Rice protein has also shown to compare well to whey protein. It is also high in leucine and has shown to yield similar results in hypertrophy and strength increases as whey protein. Rice protein has four times more arginine than whey protein. Although there are slightly lower levels of leucine in rice protein than whey, it has been demonstrated that there is sufficient levels of the amino acid to optimize muscle growth.

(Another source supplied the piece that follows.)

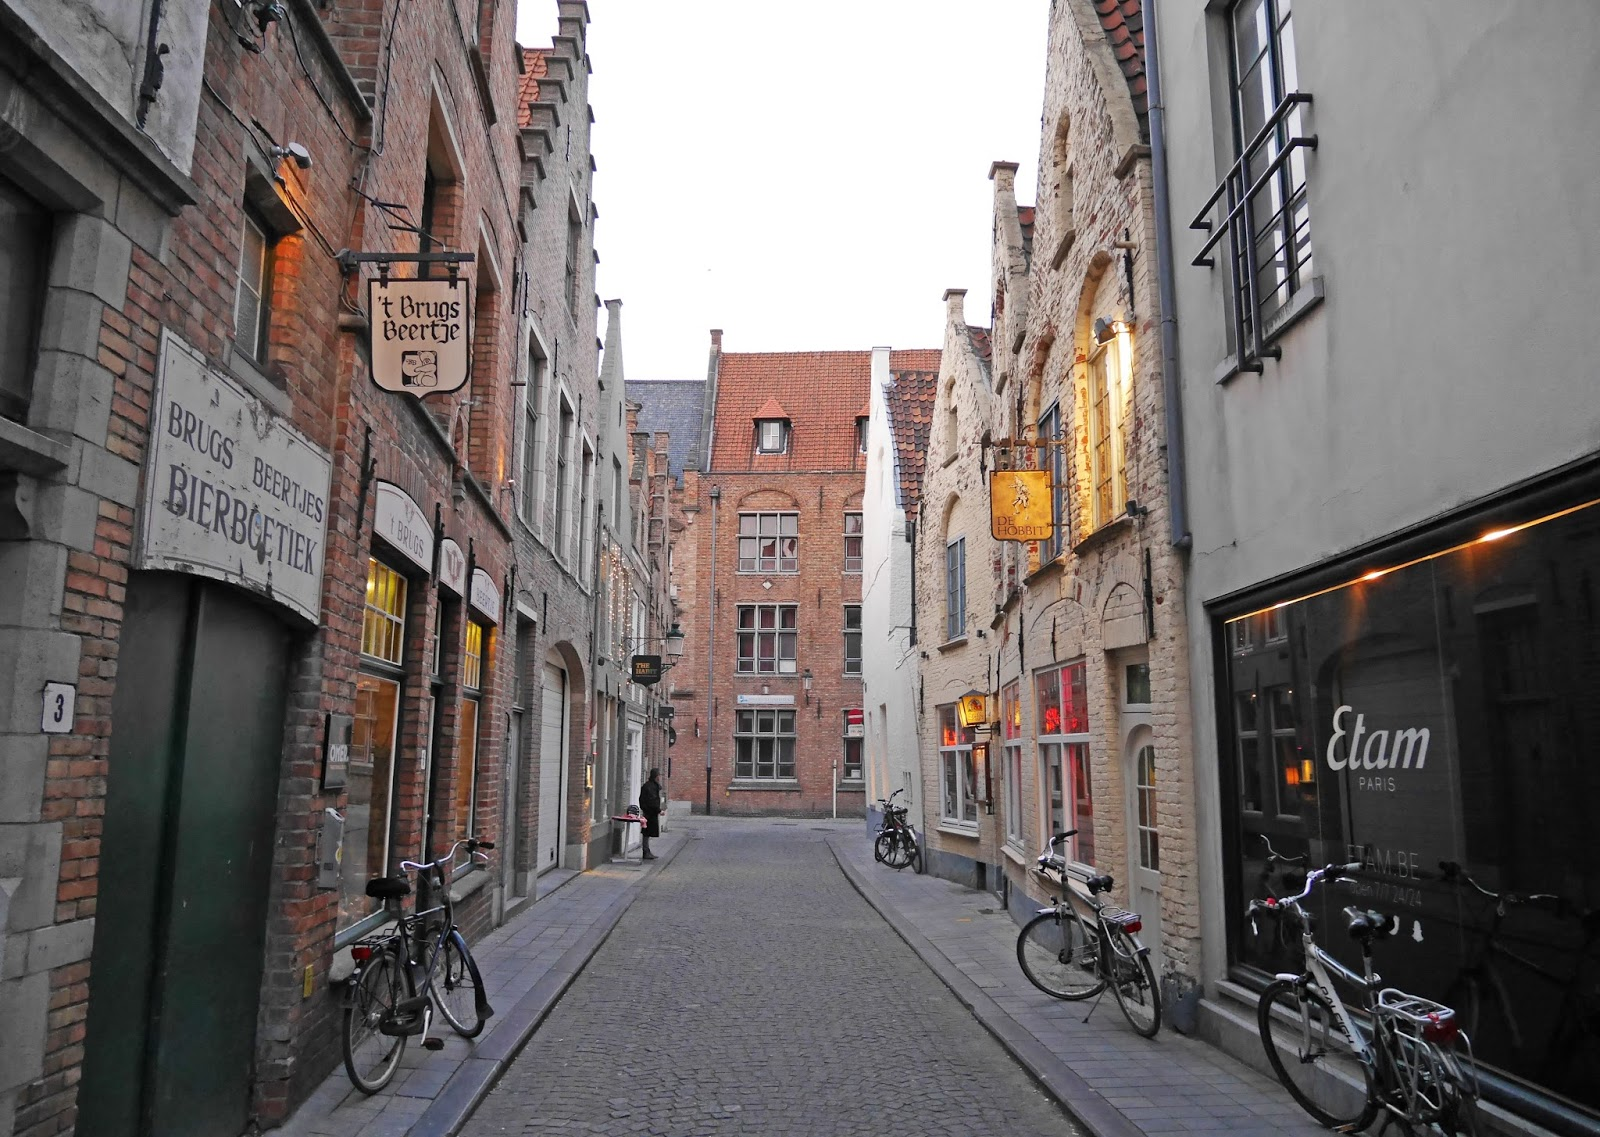 Bruges city centre streets

It is important to keep in mind that it is the composition of the nutrient and not just the net protein content that will affect protein balance. Studies have shown that only the essential amino acids can stimulate muscle protein synthesis. Also, the type of protein can significantly affect digestion characteristics which will also affect the rate of muscle protein synthesis as well as the hormonal response post ingestion. This is where most plant based protein supplements fall short. They often lack specific amino acids necessary to stimulate protein synthesis. Furthermore, their PDCAAS score typically is not high enough to make it a good alternative to whey protein. However, combining plant protein sources together in the right ratios offers an amino acid profile that closely approximates whey protein. For example, combining pea protein with rice protein gives the following amino acid profile:
Rice Protein 90% 0.65
Pea Protein 80% 0.78
Rice/Pea Blend (55%/45%) 1.00
Whey Protein 90% 1.00
Furthermore, thanks to technological advancements, when you use a 55/45% blend of rice and pea protein, it is possible to get a PDCAAS score of 1.0 (the highest allowable score by the USDA). This blend compares very favorably with whey protein and can potentially change the game in protein supplementation. Watch for products with this blend to be coming to market soon!